I still remember the day, nearly 13 years ago, when we went to get them. I was only 6 at the time, but I remember walking through the gate into this family's yard and seeing all the fluffy little puppies and Charlie (my brother) and I each picking one of our own. We had brought a box in the car for them to ride home in but we would only put one puppy in the box at a time because they were identical and didn't have collars yet and we didn't want to mix up our puppies.

I've always wondered if they would have been different if we had chosen eachother's dog. Shadow, Charlie's dog, loved to play ball and would chase the tennis ball maybe 100 times before you would tell her "no more" and she'd finally go lie down. Missy, my dog, has always loved being brushed and pet and even loves to hold your hand.

In conclusion, a few pictures of our beautiful "Shay Shay Muffy" and her sister.


























She always loved to rest her chin on things.










RIP Shadow, you will always be missed and always be remembered.
We love you.


----------



## SOOOSKA (Jun 7, 2009)

Christina, your Bunnies are beautiful as always.
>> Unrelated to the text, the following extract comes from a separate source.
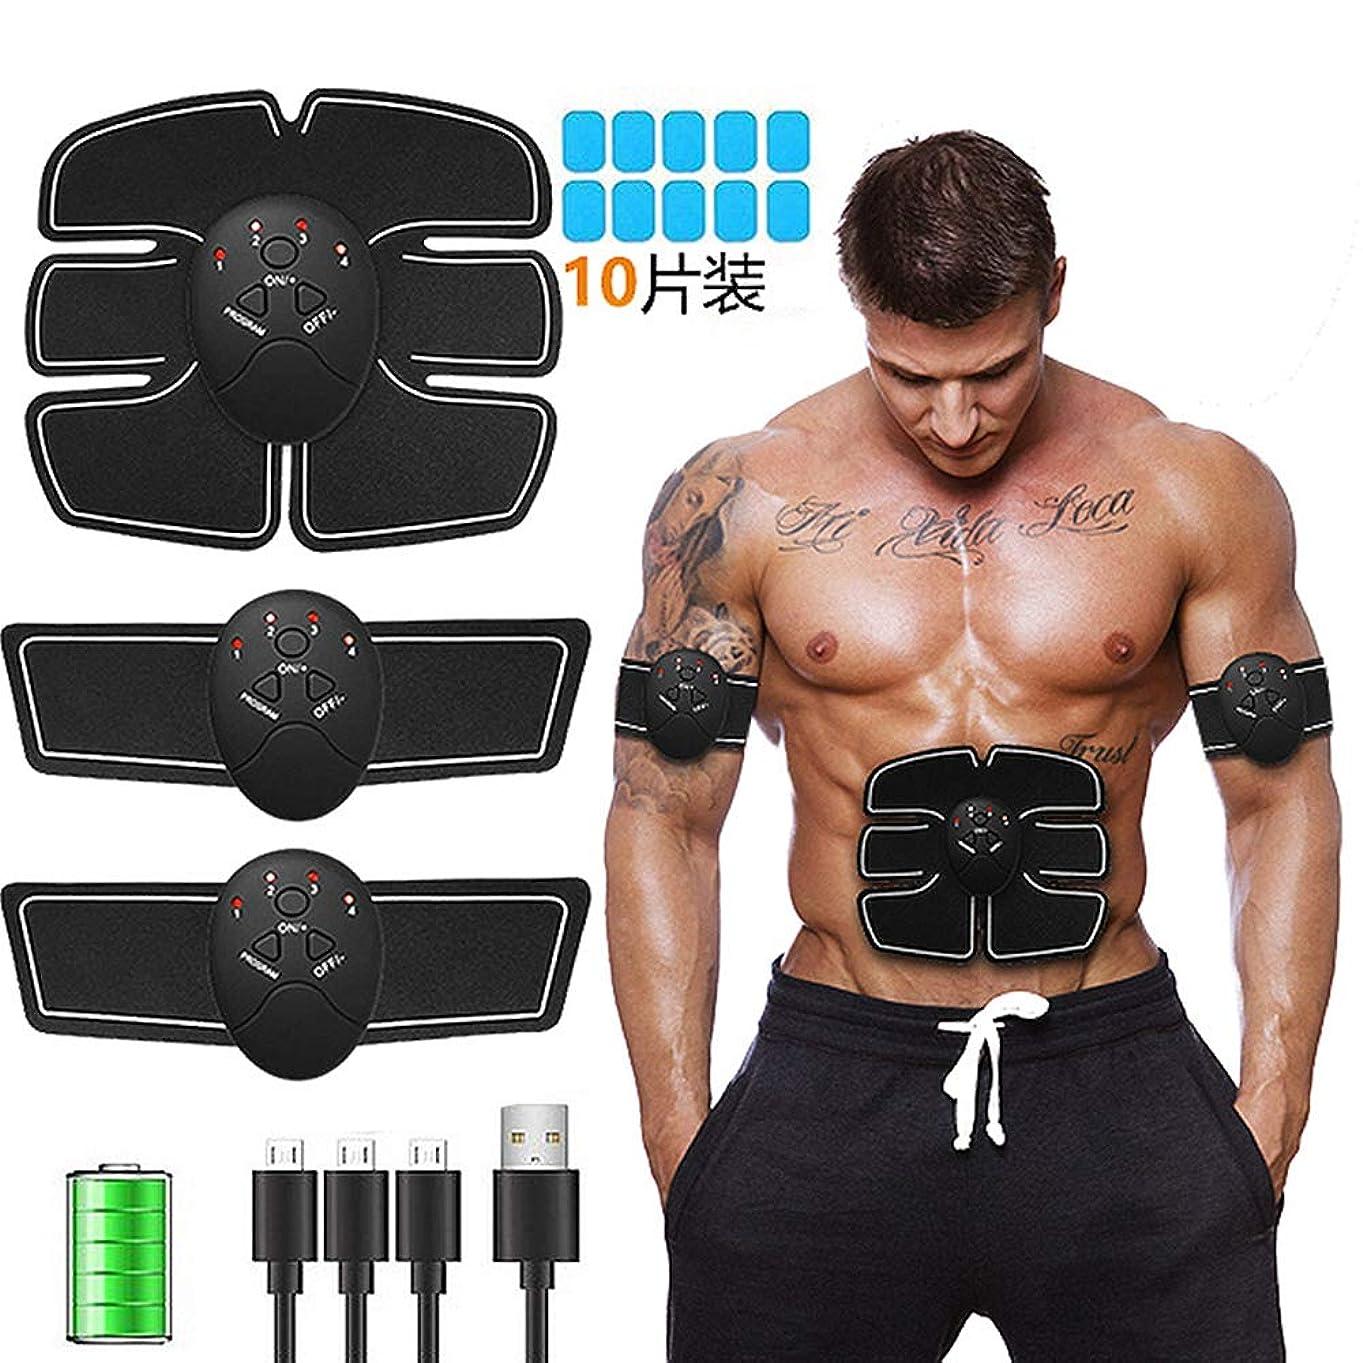 スマート腹部トレーナーusb電気ワイヤレスems筋肉刺激脂肪燃焼腰減量保つフィットネス機器フルボディマッサージユニセックス

I'm so sorry about Shadow. That must have been a very hard decision to make, even though you made it for her. She looked so relaxed and loved in those pictures.

I'm sure she's watching down on all of your family and especially her friend/sister Missy.

Run Pain Free at thr Rainbow Bridge Shadow.:rainbow:

Susanink iris:


----------



## JadeIcing (Jun 7, 2009)

I am so sorry. We put one of our dogs to sleep a few months ago and I know how hard it is. Even when you know it is the right thing.


----------



## MyLOVEABLES!! (Jun 10, 2009)

I'm so sorry Christina.
Shadow seems like a really good dog, I know for a fact that i'd be so upset if Luca passed. It was the best thing for her, she is probably watching over you and your family right now and also her sister. Rest in peace baby girl. 

Prisca


----------



## Luvmyzoocrew (Jun 11, 2009)

i am so sorry for you loss, very beautiful dog


----------



## missyscove (Jun 26, 2009)

Thanks for the kind words, guys.

I've now been working at an animal hospital for two weeks and every time a golden retriever comes in, it stings a bit.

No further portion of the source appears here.